I forgot to mention this but this was the intended design back in the days although it never worked. I removed the code in http://trac.webkit.org/changeset/120367/trunk/Source/WebCore/dom/Node.cpp but the intent had always been to remove this data structure when we no longer need them. I'll clarify it in the change log.

> > Source/WebCore/ChangeLog:10
> > +        If we detect that we have only one node lists left in the data structure,
> 
> Should be “node list” instead of “node lists”.
> 
> > Source/WebCore/ChangeLog:20
> > +        (Node):
> 
> Bogus line should be removed. Or fix the script so it doesn’t add these.
> 
> > Source/WebCore/ChangeLog:26
> > +        (NodeListsNodeData):
> 
> Bogus line should be removed. Or fix the script so it doesn’t add these.

Fixed.

> > Source/WebCore/dom/NodeRareData.h:74
> > +        if (!removeThisIfOnlyOneListIsLeft(list->ownerNode()))
> > +            m_childNodeList = 0;
> 
> I think I’d like these better if they used an early return statement instead of nesting the remaining code. The logic is “if I can do this just by self destructing, then do that and return, otherwise do it the normal way”.
> 
> > Source/WebCore/dom/NodeRareData.h:225
> > +    bool removeThisIfOnlyOneListIsLeft(Node*);
> 
> This function is confusing for a few reasons. The idea of this function is that we call it just before removing a list, which is why it checks for one remaining list rather than zero. That was completely non-obvious to me and I had to read the patch over and over again to figure that out. So I think that either the function name or a comment needs to explain that.

The original design was to let each function delete the last time, and then removeThisIfPossible to check whether all hash maps & m_childNodes has been cleared or not That's definitely a much simpler design but incurs a runtime cost when we're deleting the last time.

> The trickiness and danger of using this function without looking at the boolean result would be clearer if it used the word “delete” instead of “remove”. On the other hand, “delete” does make it sound like this just deletes the object rather than cleanly removing it from the node.
> 
> Maybe a better name is deleteThisIfAboutToRemoveLastList? Or maybe selfDestructIfAboutToRemoveLastList? Maybe you can come up with an even better name.

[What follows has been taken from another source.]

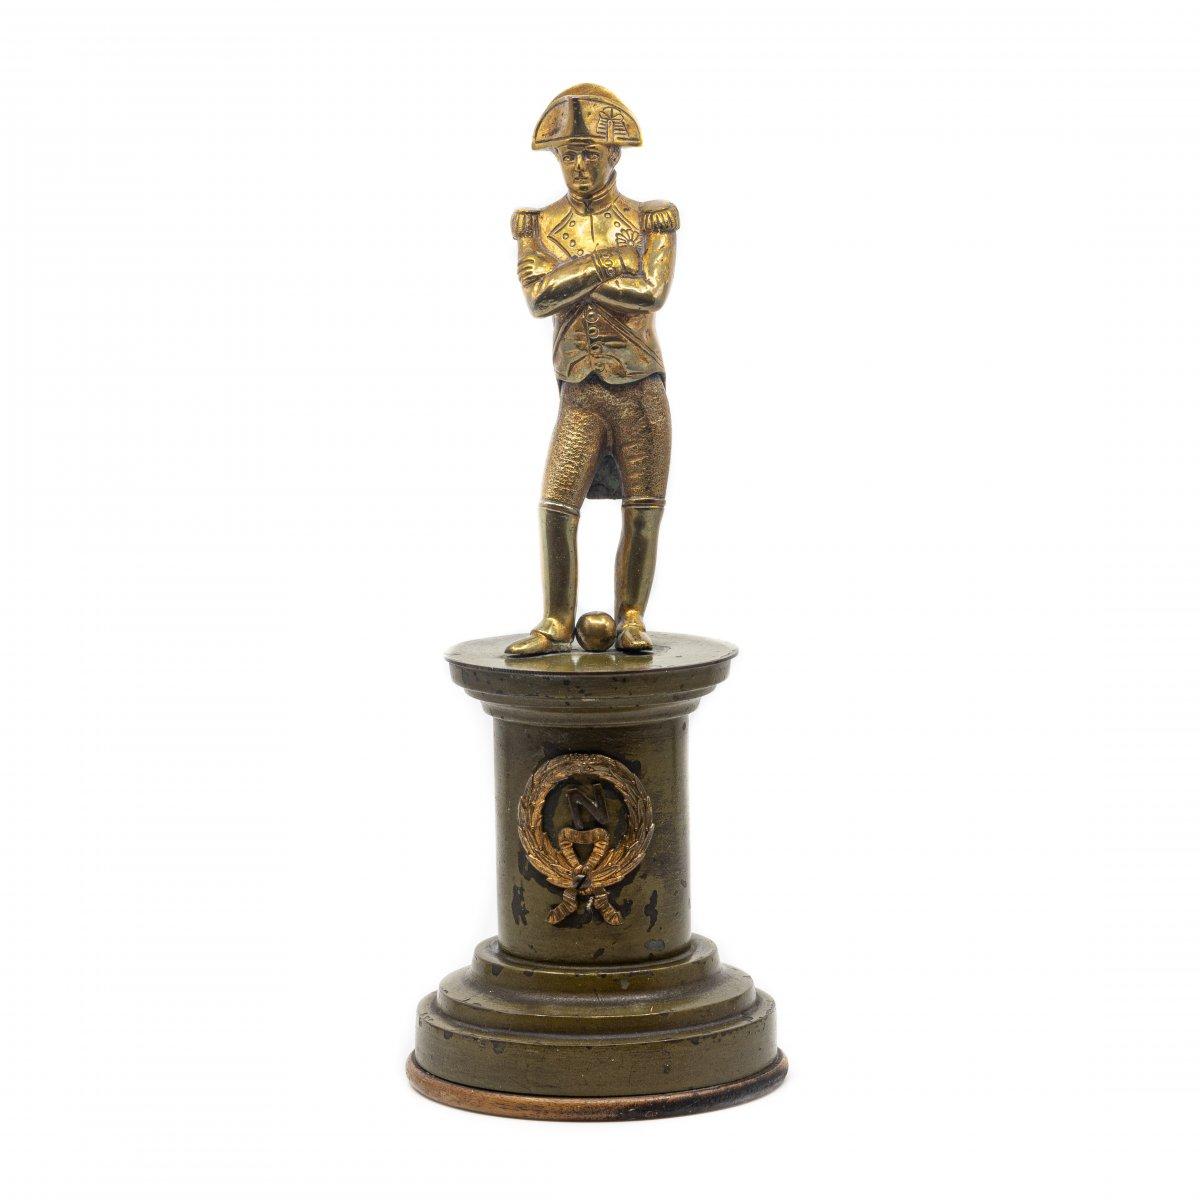 Napoleon Golden Brass Statuette - France, Mid 19th Century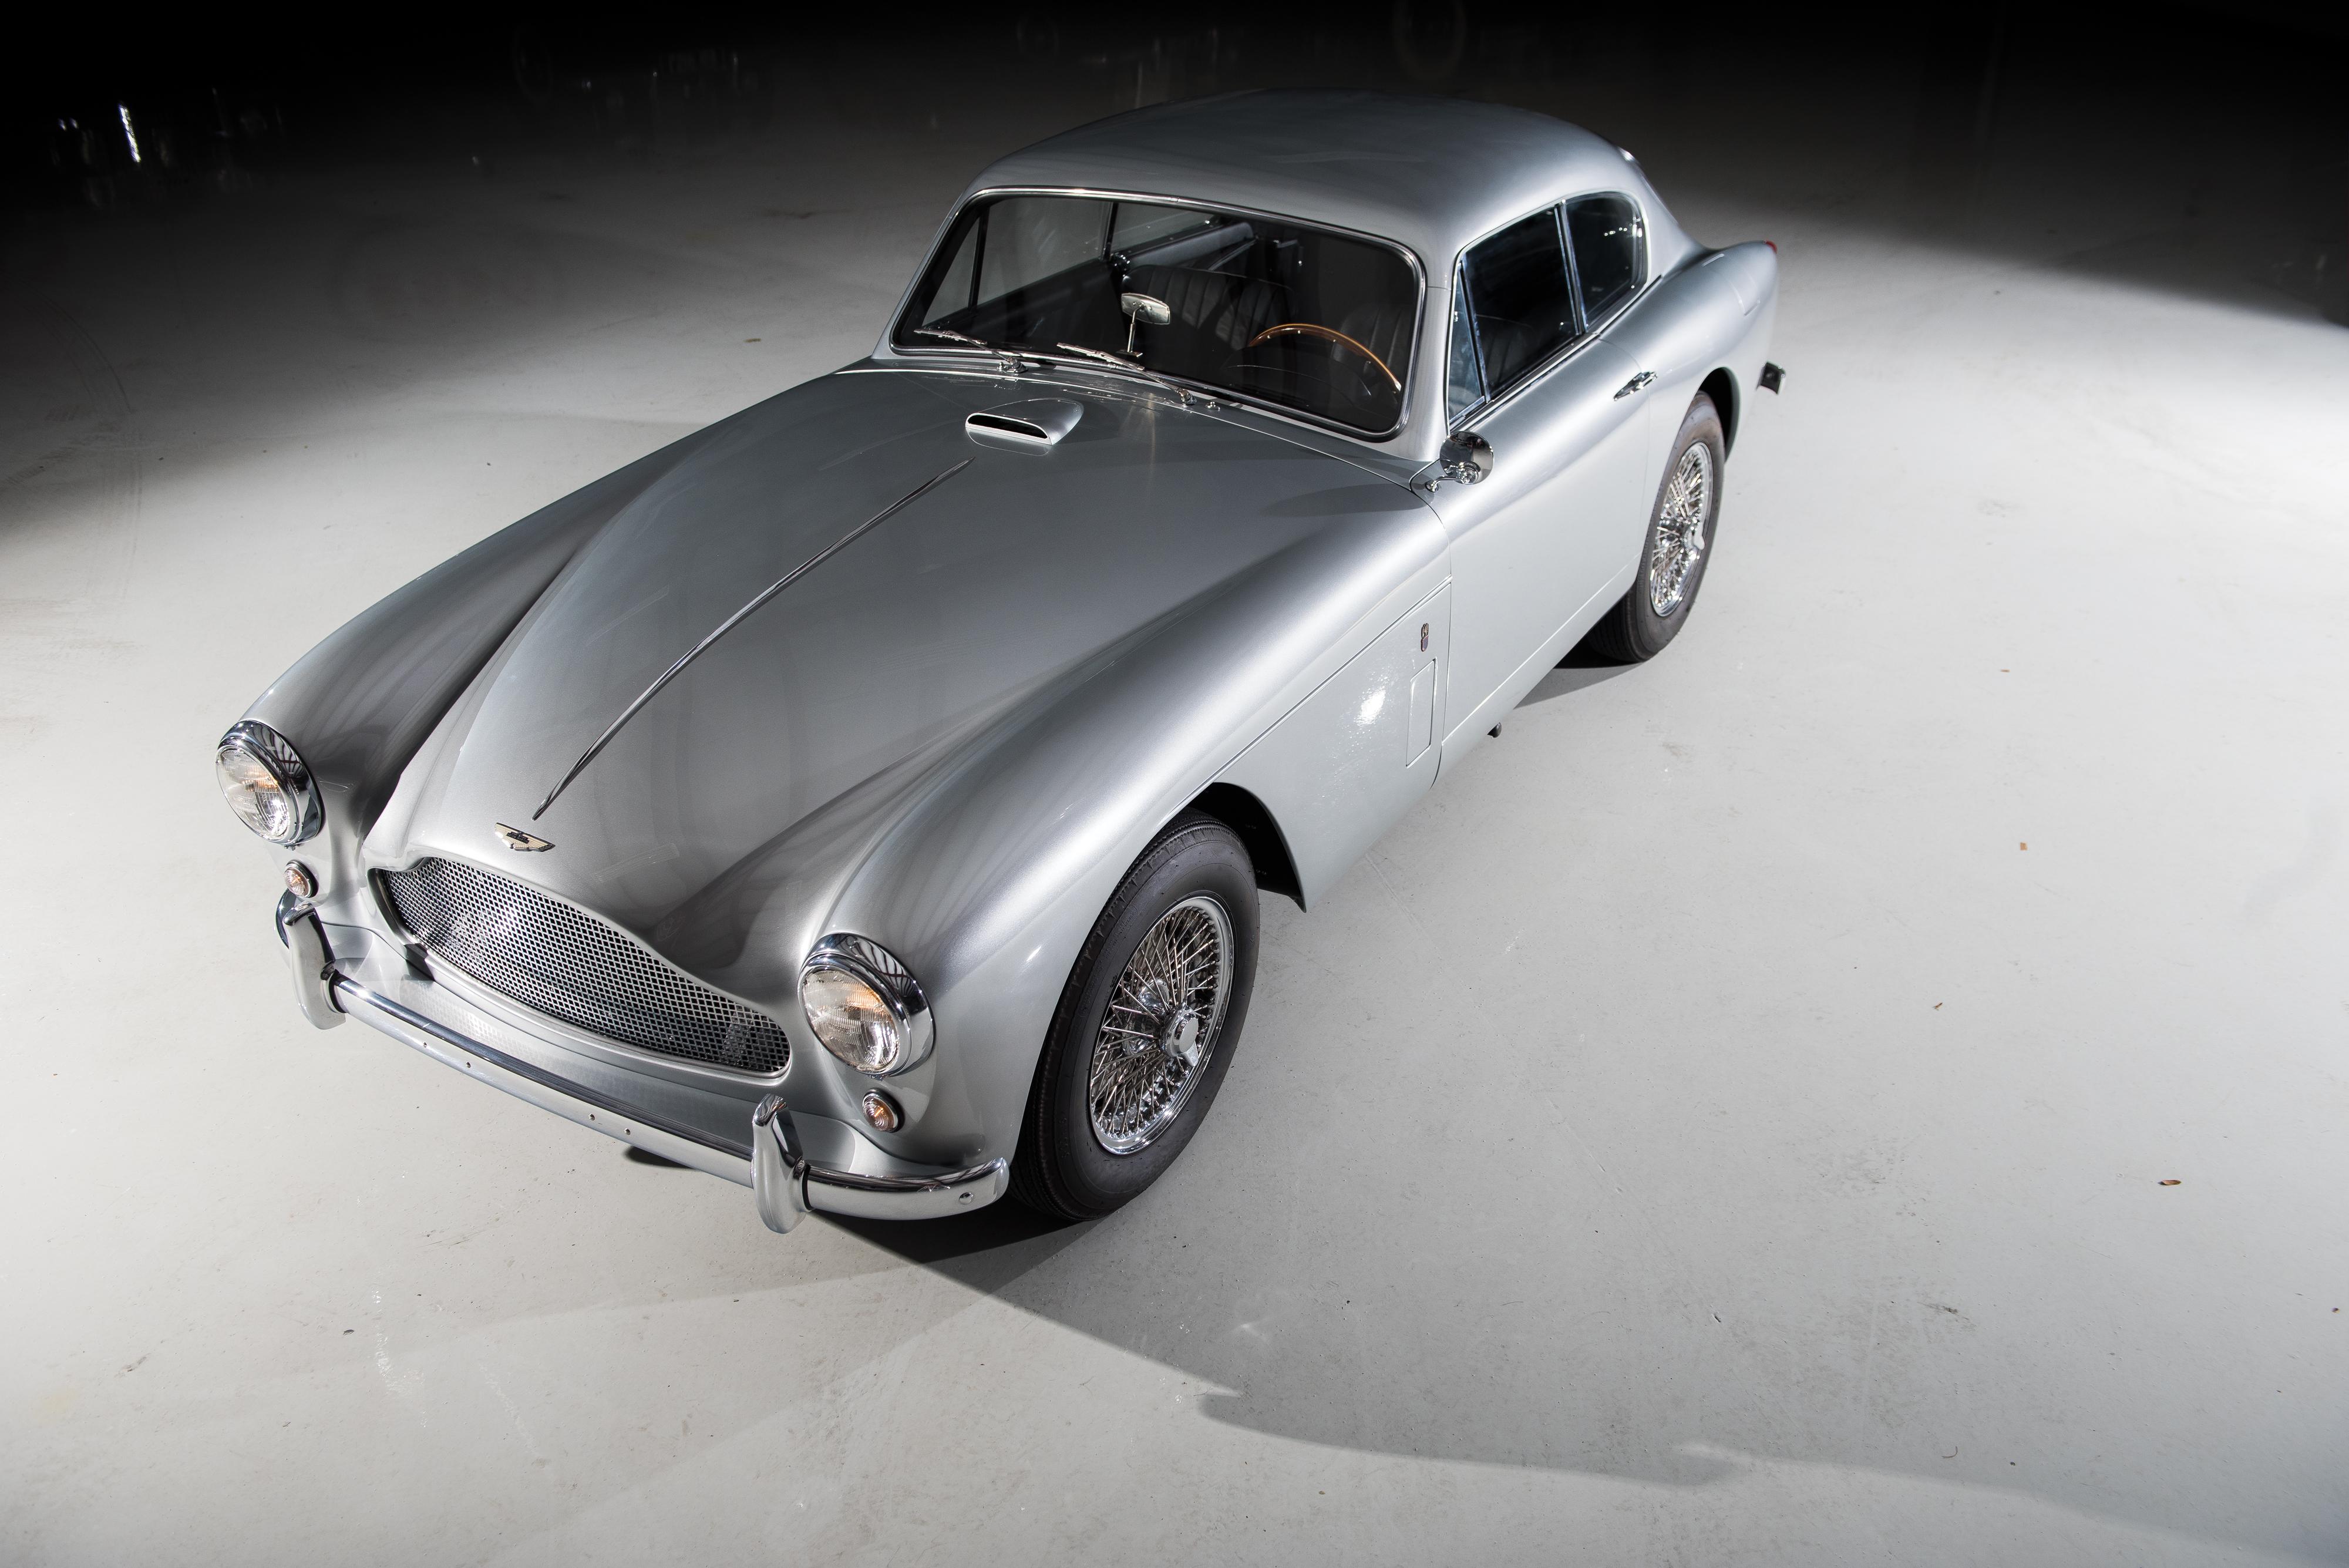 1959 Aston Martin Db Mk Iii Values Hagerty Valuation Tool

I'm gonna go extra verbose and call it deleteThisAndUpdateNodeRareDataIfAboutToRemoveLastList.

> I’m also not sure the factoring is quite right. It seems awkward to call this class to remove a list, then have this class recover the node pointer so it can do work on the node’s rare data. It’s kind of a messy relationship between the node, rare data, and lists classes. I understand that this is an easy place to correctly make the change, so I see the attraction of doing it this way, but the need to recover the owner node pointer is a factoring danger sign.

Yeah, it's quite messy. On the other hand, making each node list calling clearNodeLists looked fragile. It's also important that we assert the list we're removing to be in the node lists because we've had quite few bugs where we had a mismatch in the past.

> 
> > Tools/Scripts/webkitpy/performance_tests/perftest.py:209
> >          # Following is for Parser/html-parser.html
> > -        re.compile(re.escape("""CONSOLE MESSAGE: Blocked script execution in 'html-parser.html' because the document's frame is sandboxed and the 'allow-scripts' permission is not set.""")),
> > +        re.compile(r"CONSOLE MESSAGE: Blocked script execution in '[A-Za-z0-9\-\.]+' because the document's frame is sandboxed and the 'allow-scripts' permission is not set."),
> 
> Comment now seems wrong.

Oops, you're right. Fixed.
Comment 6 Ryosuke Niwa 2013-01-17 16:37:13 PST
Committed r140070: <http://trac.webkit.org/changeset/140070>
Comment 7 Ryosuke Niwa 2013-01-18 01:53:31 PST
The bug 107239 tracks an unrelated crash.